Millions of tons of grain shipments sit idle in Russia; Lithuanian FM calls for shipping corridor to export Ukrainian grain
Ukraine is the setting of Russia’s months-long invasion, but the impacts are being felt far beyond. Key shipments are being blocked, driving up food costs and putting people in danger of going hungry.
Russia lost another high-ranking officer in one of its latest battles in the eastern region of Ukraine. Still, it is pressing ahead in its drive to control the Ukrainian stronghold of Severodonetsk and the areas around it.
Russia’s defense minister, Sergei Shoigu, said, “Ninety-seven percent of the Luhansk region has been liberated.”
He added that forces in the south have finished removing mines from the city of Mariupol, and grain shipments can resume through the Black Sea.

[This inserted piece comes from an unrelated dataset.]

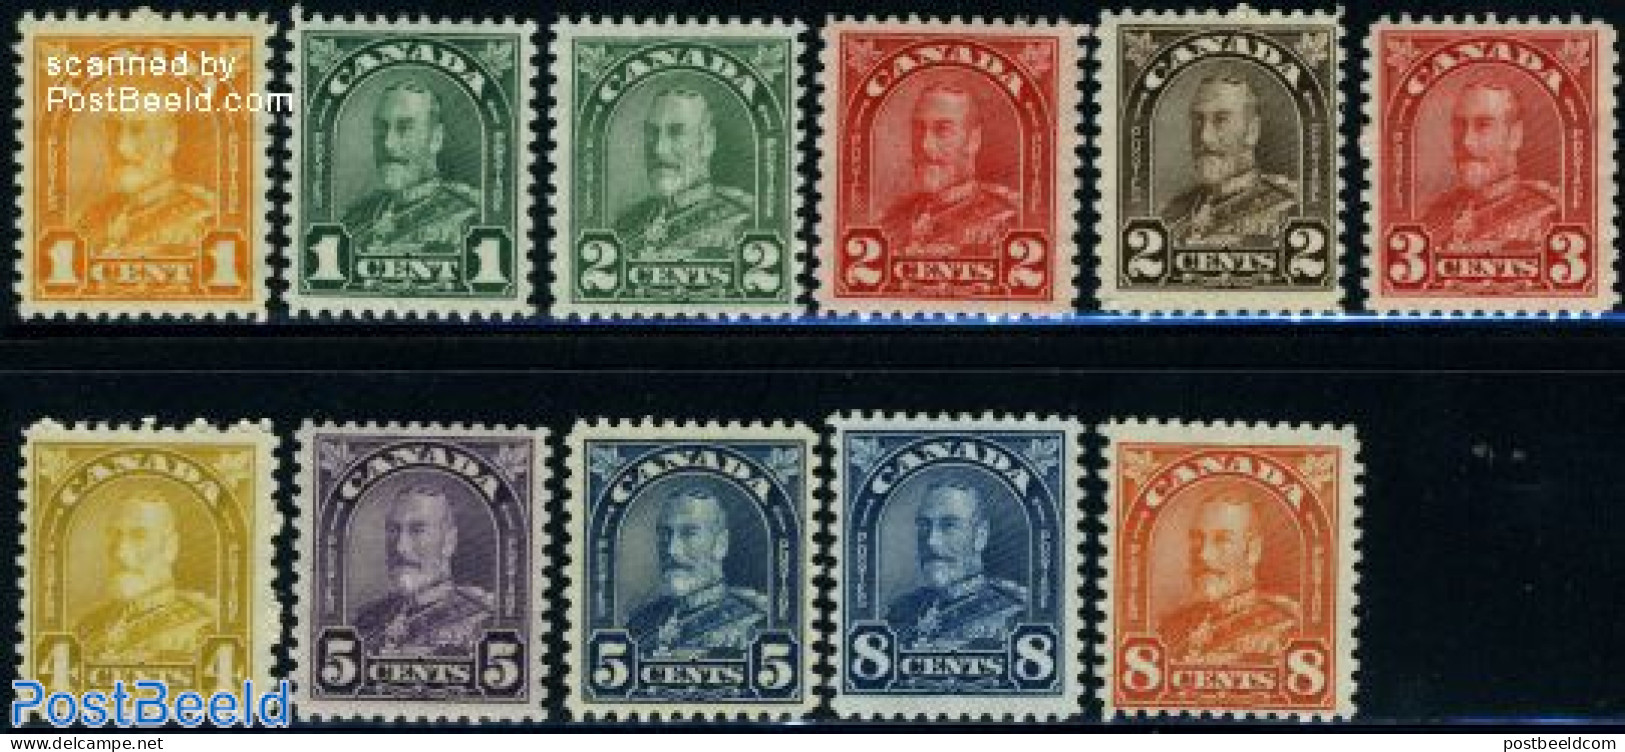 Canada 1930 Definitives 11v, Mint NH - Unused Stamps
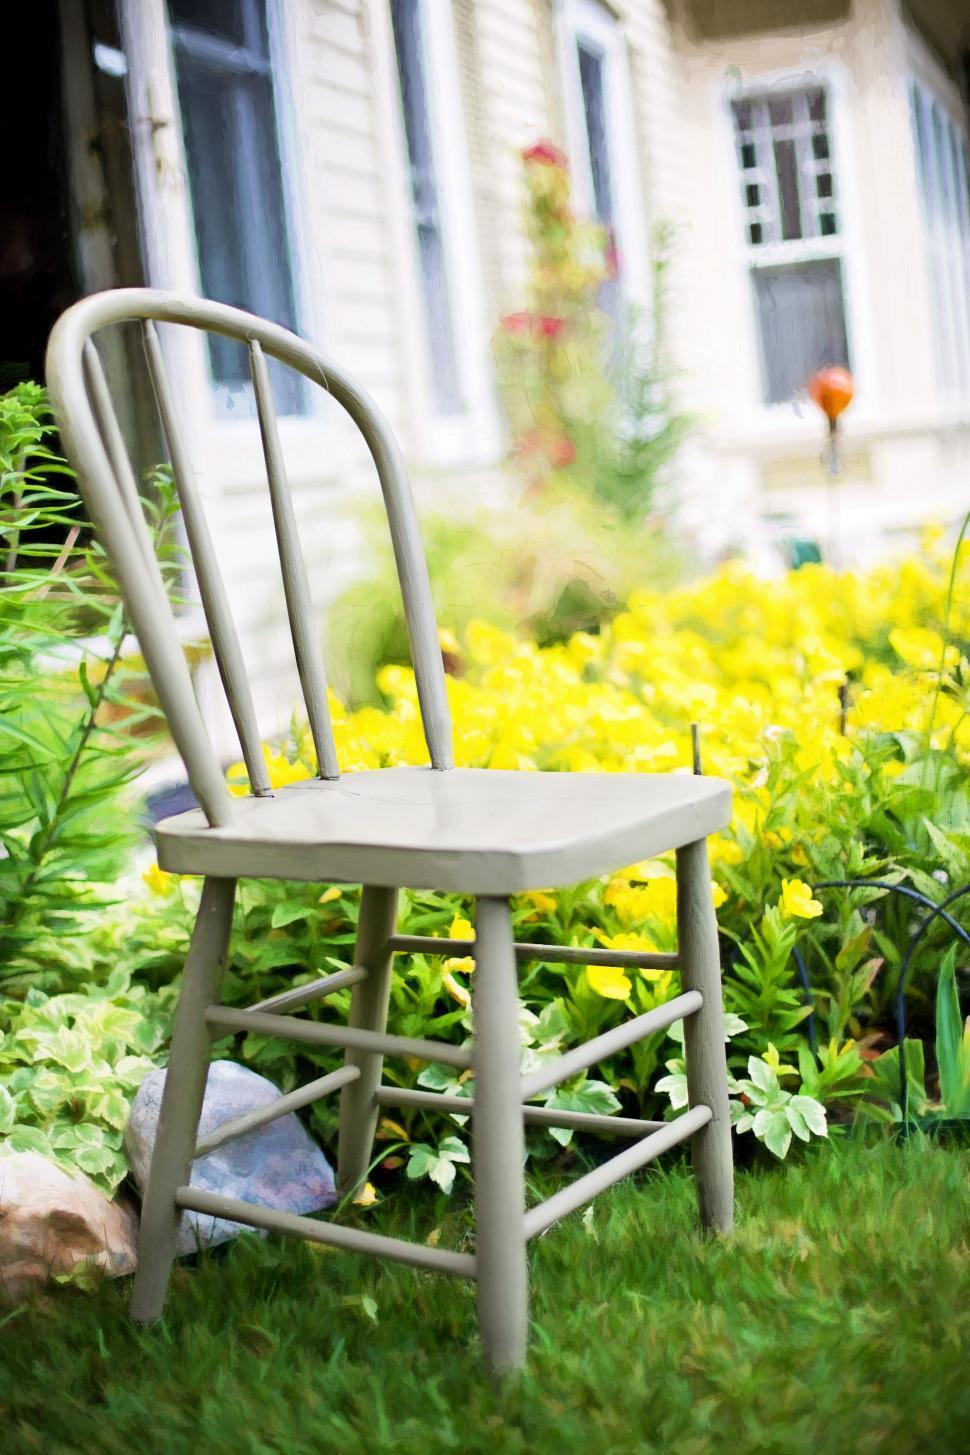 Free Image of Chair and flowers

But Ukraine’s President Volodymyr Zelenskyy says the Russians are preventing exports, and up to 25 million tons of grain are sitting idle.
He said, “Our ports are blocked. We can’t export grain, barley… our sunflower oil. The Russians have stolen our grain. They stole it and carried it away on ships.”
The president says shipments from territory seized by the Russians would amount to looting.
Russia’s Foreign Minister Sergey Lavrov has headed to Turkey for discussions with leaders. Food exports are expected to be the main talking point.
Meanwhile, the foreign minister of Lithuania Gabrielius Landsbergis on Tuesday proposed opening a safe shipping corridor on the Black Sea to allow the resumption of grain exports from Ukraine.
He said the invasion of Ukraine has proven that Russia is “an aggressive neighbor ready and willing to use military force to attack its neighbors.”
He also said his country shares a 700-kilometer border with Belarus, whose territory was used by Russian troops to attack Ukraine.
He noted that with the Russian enclave of Kaliningrad to the west, Lithuania is “squeezed in between two aggressors.”
Landsbergis indicated that the Baltic country will ask NATO to deploy more troops to its territory. Lithuania is a member of the military alliance.
About the Russian blockade of southern Ukrainian ports that is preventing grain exports, he said that creating a “secure corridor could be one of the options.”
He called on Western countries to provide weapons to Ukraine so its ships won’t be attacked by Russian forces, adding that a security guarantee is needed.
The minister proposed a convoy made up of vessels from willing countries to escort grain transport ships from Odesa to the Bosphorus Strait.
He indicated that he will ask Japan and other countries to take part.
Lithuania’s relations with China have deteriorated after the Baltic nation allowed Taiwan to open a representative office under its own name last year.
Landsbergis said exports to China have dropped to almost zero.
He also said China’s actions against Lithuania “clearly showed to what extent China can go when it wants to change one country’s foreign policy.”
But he said the ties between like-minded democratic societies are much stronger and the trust that builds through these ties is “much more long-lasting and practically also much more beneficial to the countries.”